0:      call(2) 			// The entrypoint, call into the record deserializer at offset 2
1:      halt(0) 			// halt(0) stops the VM without signalling an error
2:      enter(0) 			// This is the beginning of the record deserializer. Enter the first field
3:      |  read(long) 			// Since the field is a union, read the Long with the union type
4:      |  eval_equal(0) 		// Check the union type and jump to the appropriate deserializer 
5:      |  cond_jump(14)
6:      |  eval_equal(1)
7:      |  cond_jump(19)
8:      |  eval_equal(2)
9:      |  cond_jump(39)
10:     |  eval_equal(3)
11:     |  cond_jump(60)
12:     |  halt(1)           		// If we fall through (an unexpected union type), throw an error
13:     |  jump(65) 
14:     |  add_long(0)       		// Adjust the union value - the reader and writer unions may have different values 
15:     |  set(long)			// Set the union value
16:     |  enter(0)			// Enter the first field of the union struct, which is Null
17:     |  exit()			// Exit, we don't need to do anything for Null types
18:     |  jump(65)			// Jump past the rest of the cases
19:     |  add_long(0)
20:     |  set(long)
21:     |  enter(1)			// Enter the first field of union struct, an array of ints
22:     |  |  read(long)		// Read the length of the block
23:     |  |  eval_equal(0)		// If it's zero, we're done reading the array
24:     |  |  cond_jump(37)
25:     |  |  eval_greater(0)		// If it's negative, we need to read the byte length of the block
26:     |  |  cond_jump(29)
27:     |  |  read(UnusedLong)
28:     |  |  mult_long(-1)
29:     |  |  append_array(0)		// Append a new element to the array and read the next int into it
30:     |  |  |  read(int)
31:     |  |  |  set(int)
32:     |  |  exit(0)
33:     |  |  add_long(-1)		// Decrement the count of how many elements are in the block
34:     |  |  eval_equal(0)		// If the block is over, read the next block header
35:     |  |  cond_jump(22)
36:     |  |  jump(29)			// Otherwise, read the next element
37:     |  exit()
38:     |  jump(65)
39:     |  add_long(0)
40:     |  set(long)
41:     |  enter(2)
42:     |  |  read(long)		// Maps use the same block encoding as arrays
43:     |  |  eval_equal(0)
44:     |  |  cond_jump(58)
45:     |  |  eval_greater(0)
46:     |  |  cond_jump(49)
47:     |  |  read(UnusedLong)
48:     |  |  mult_long(-1)
49:     |  |  read(string)		// Every map value is a string, read that first
50:     |  |  append_map(0)
51:     |  |  |  read(int)
52:     |  |  |  set(int)
53:     |  |  exit(0)
54:     |  |  add_long(-1)
55:     |  |  eval_equal(0)
56:     |  |  cond_jump(42)
57:     |  |  jump(49)
58:     |  exit()
59:     |  jump(65)
60:     |  add_long(0)
61:     |  set(long)
62:     |  enter(3)
63:     |  |  call(67)			// The third type is a record.
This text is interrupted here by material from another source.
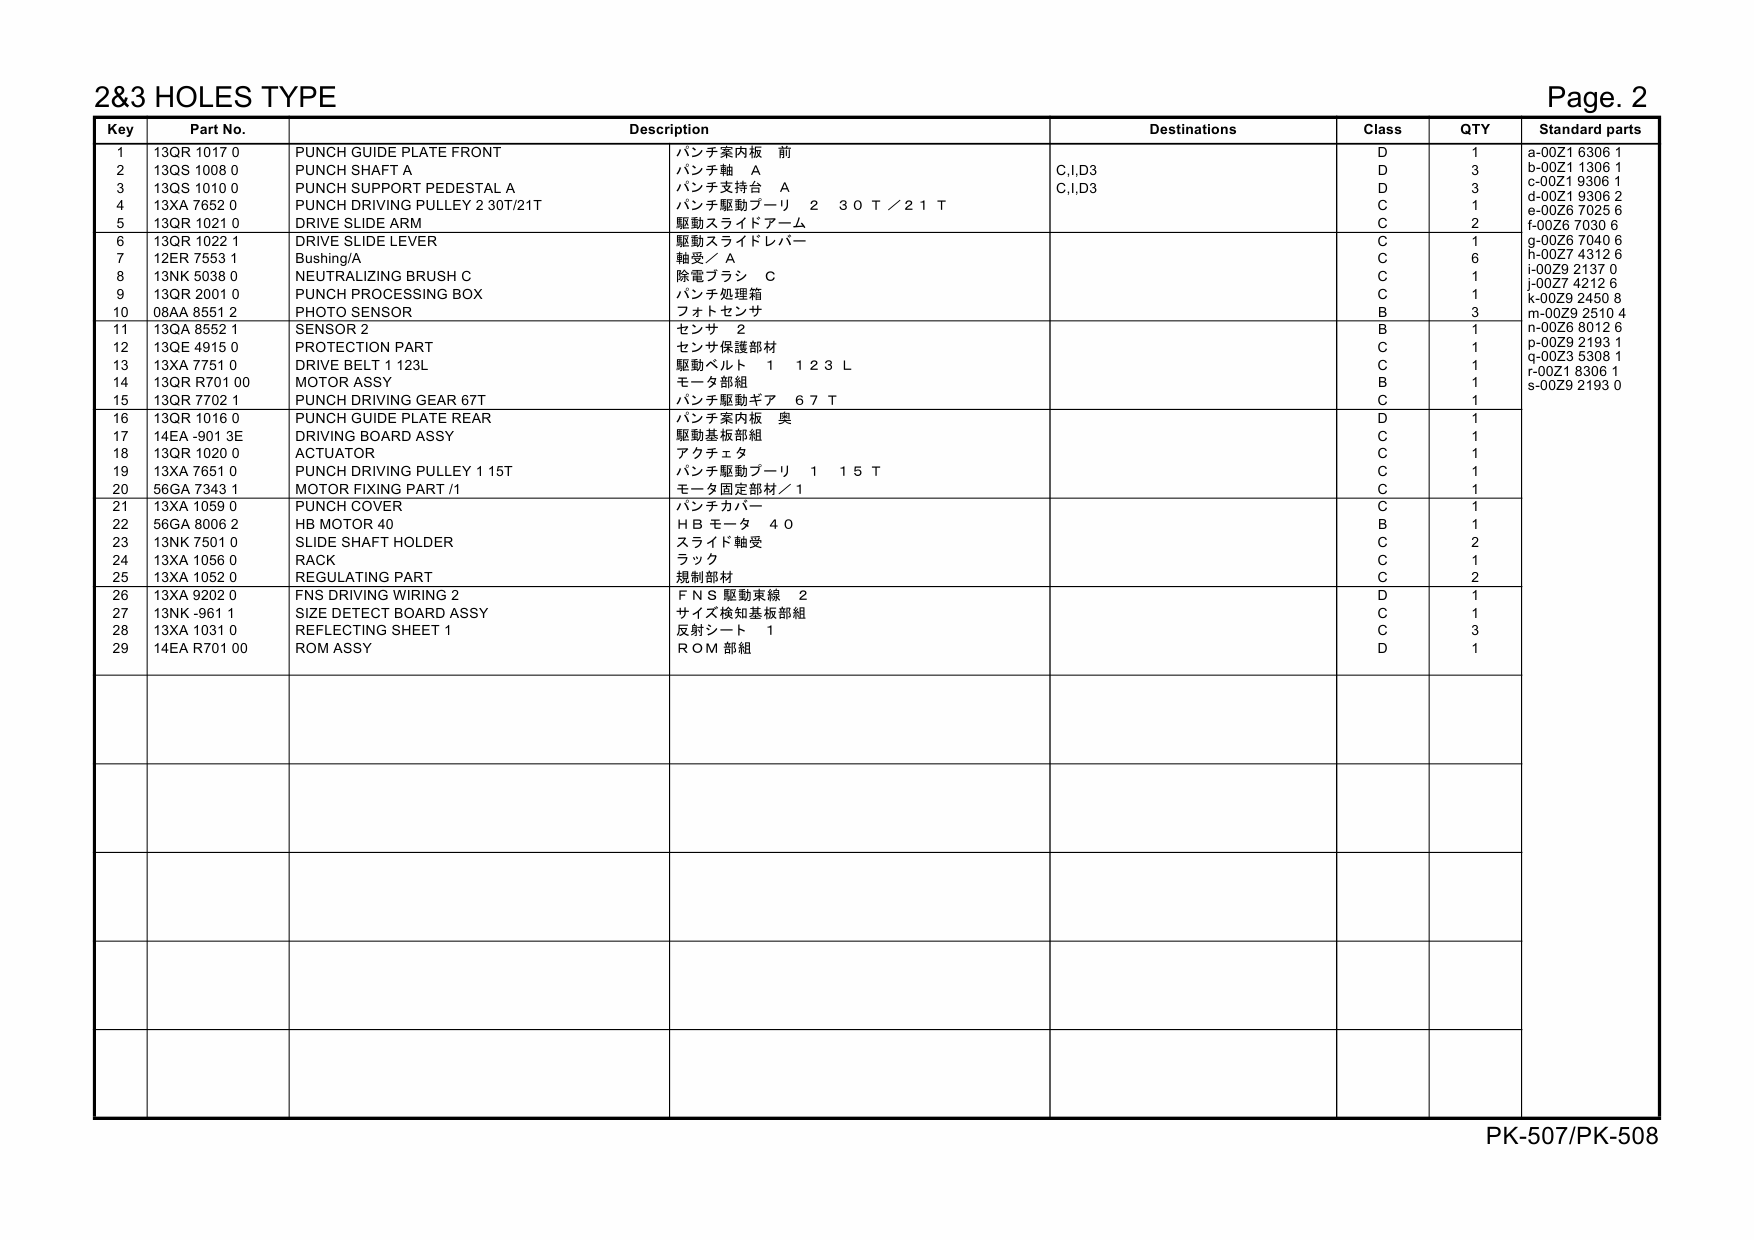 Konica-Minolta Options PK-507 508 20GH Parts Manual-6

We generate a method for it at offset 67
64:     |  exit()
65:     exit()
66:     return()			// This is the end of the top-level record deserializer method
67:     enter(0)
68:     |  read(int)
69:     |  set(int)
70:     exit()
71:     return() 			// This is the end of the NestedUnionRecord deserializer method

Hopefully it’s easy to see how this architecture makes schema evolution more tractable - it’s easy to change the target field number, for instance, when fields are re-ordered. At the same time, we can compile the deserializer once and amortize the cost over many records.

I would ask anyone who has time and uses gogen-avro to try using the gadgt branch and report any issues you experience. I’m continuing to collect use cases and build more integration tests with real-world schemas, including multiple evolved versions of schemas. In the future I’ll be writing a follow-up post about performance - right now the emphasis for GADGT is on correctness and spec-compliance.